Он тщетно пытался скрыть нараставшее волнение, но Ли-Ван, стараясь найти подходящие слова, для передачи своих мечтаний и снов, не замечала его состояния.
— Я вижу утоптанную площадку на снегу, среди деревьев, — начала она, — а на снегу следы мужчины, с трудом пробиравшегося на четвереньках, и я вижу мужчину в снегу, и мне кажется, что я совсем близко от него. Он не похож на настоящих мужчин, у него на лице волосы, много волос, и все волосы, покрывающие его лицо и голову, желты, как летний мех ласки. Его глаза закрыты, но затем открываются и что-то ищут. Они синие, как небо, и, повстречавшись с моими, больше ничего не ищут. Его рука двигается медленно, словно от слабости, и я чувствую…
— Да, — хрипло прошептал Каним, — ты чувствуешь?
— Нет! Нет! — торопливо вскричала она. — Я ничего не чувствую. Разве я сказала «чувствую»? Я не хотела это сказать. Невозможно, чтобы я хотела это сказать. Я гляжу, я только гляжу, и это все, что я вижу, — мужчина на снегу, с глазами, как небо, и волосами, как летний мех ласки. Я много раз видела этот сон, и всегда он был одинаков — мужчина на снегу…
— А себя ты видишь? — спросил он, подавшись вперед и напряженно вглядываясь в нее. — Ты когда-либо видела себя и мужчину на снегу?
— Как могла я видеть себя? Разве я не живу?

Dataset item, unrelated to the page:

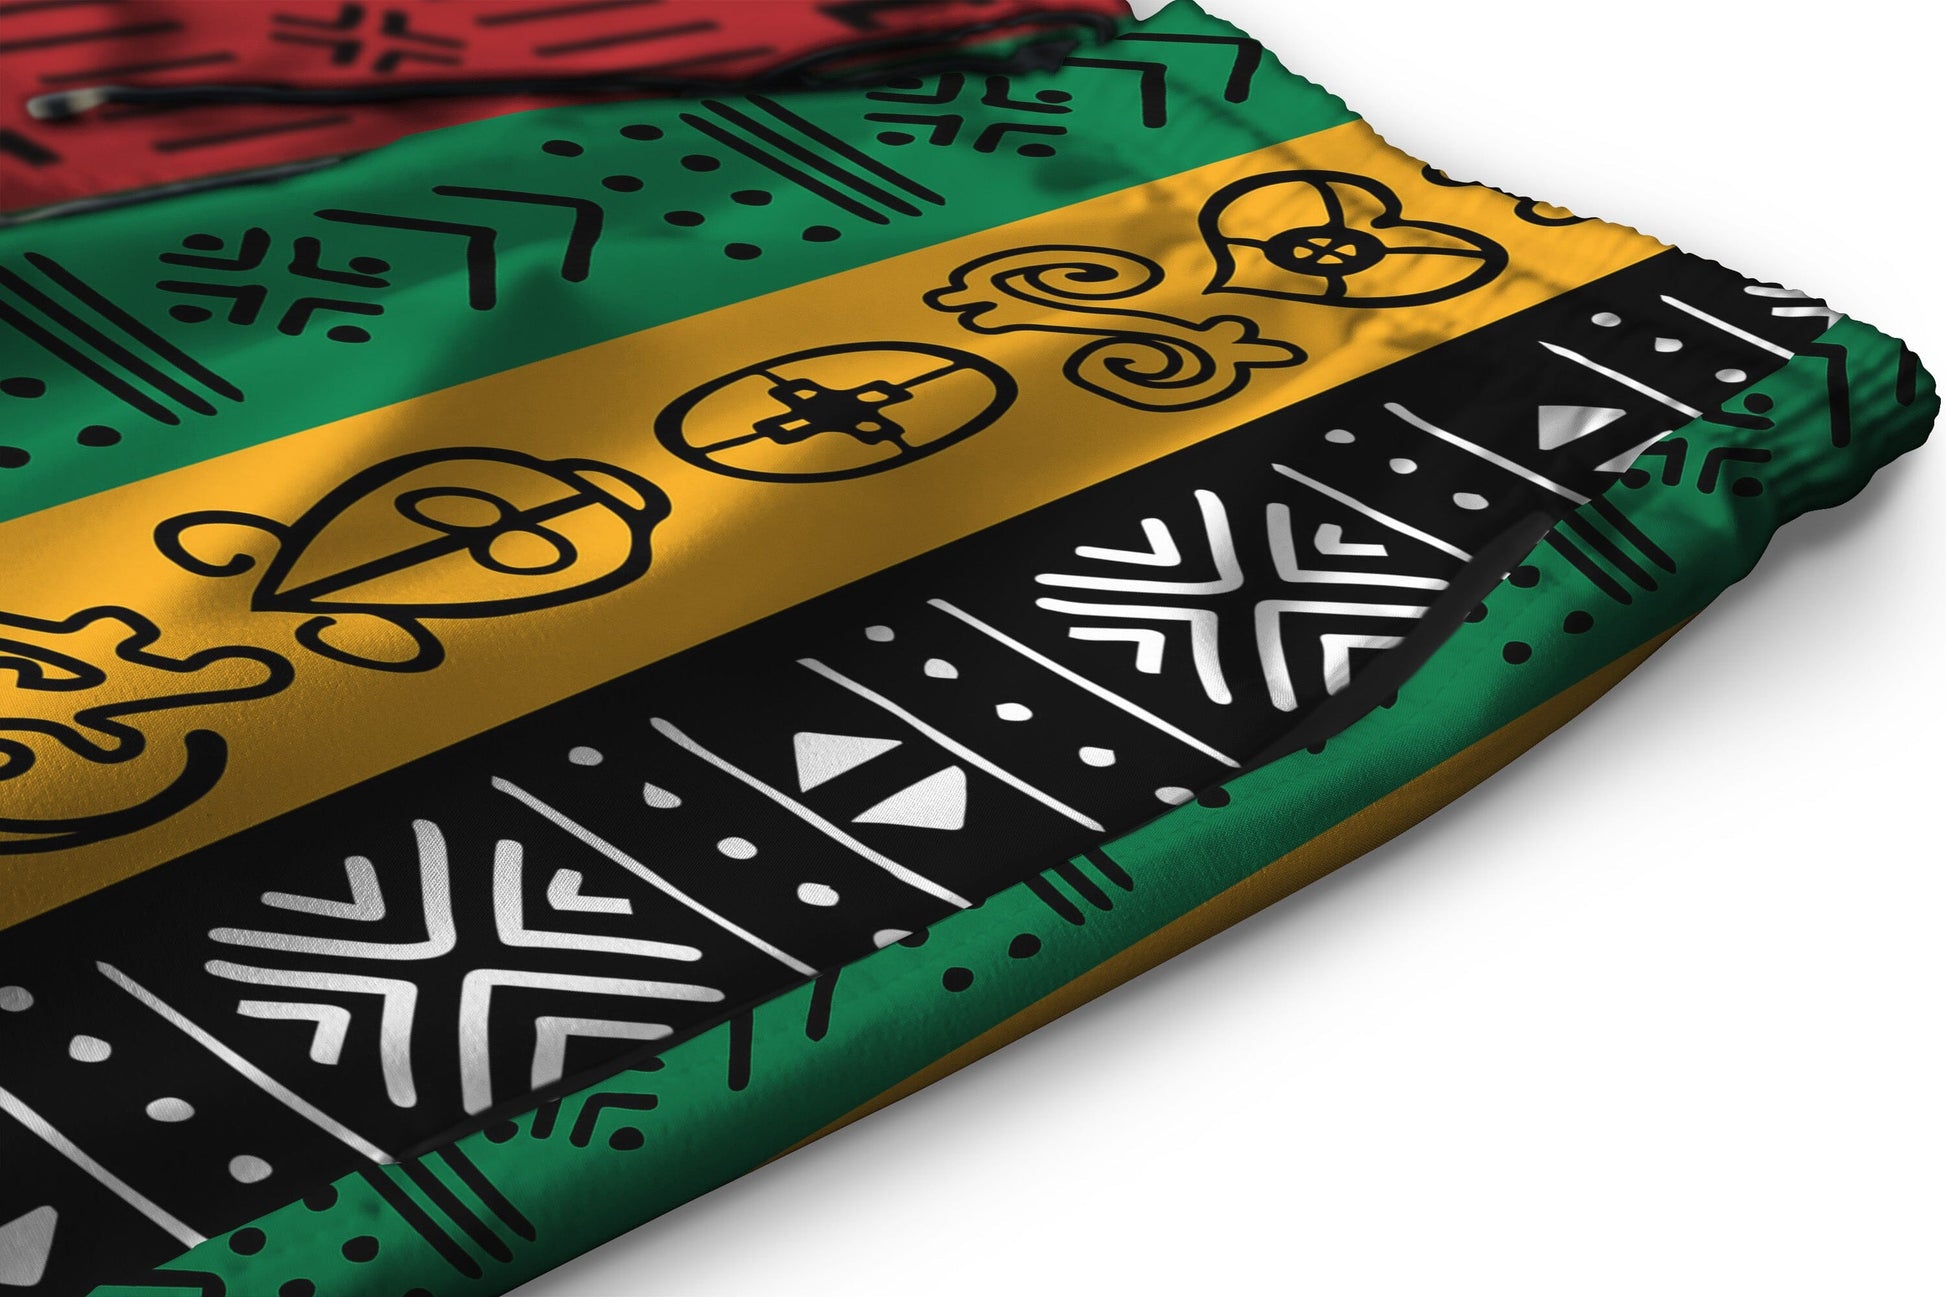 African Symbols In Pan African Colors Shorts Shorts Tianci 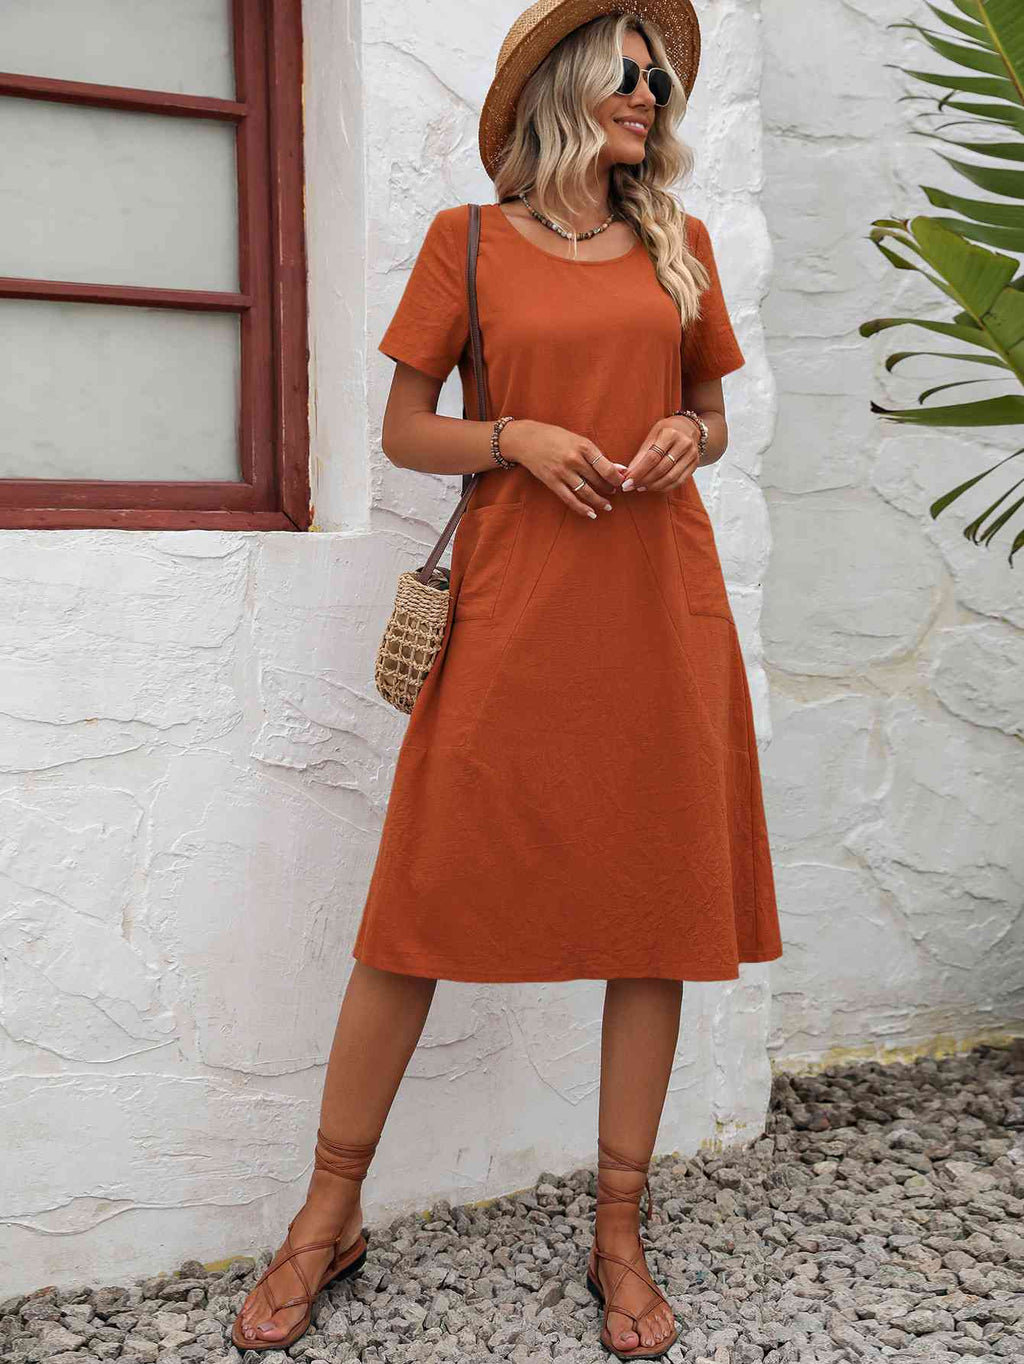 Round Neck Short Sleeve Dress with Pockets (4 Colors) Dress Krazy Heart Designs Boutique Terracotta S

Напряжение его мускулов спало, он откинулся назад и отвел в сторону глаза, чтобы она не увидела в них выражения торжества и удовлетворения.
— Я объясню тебе все, Ли-Ван! — решительно заговорил он. — Ты в прежней жизни была маленькой птичкой: ты видела человека на снегу и теперь, в этой жизни, вспоминаешь. В этом нет ничего удивительного. Я был прежде оленем, а отец моего отца после смерти стал медведем — так сказал шаман, а шаман не может лгать. Так мы переходим от жизни к жизни, и одни только боги знают, что будет с нами дальше. Сны и тени снов лишь воспоминания, больше ничего, и собака, повизгивая во сне, лежа на солнышке, несомненно, видит и вспоминает события из прежней жизни. Например, Бэш был когда-то воином. Я твердо уверен в том, что он был воином. — Каним бросил собаке кость и встал. — Ну, двинемся в путь. Солнце сильно греет, холоднее уже не будет.
— А эти белые люди, какие они по виду? — осмелилась спросить Ли-Ван.
— Такие же, как ты и я, — отвечал он. — У них только кожа не такая темная. Ты увидишь их еще до захода солнца.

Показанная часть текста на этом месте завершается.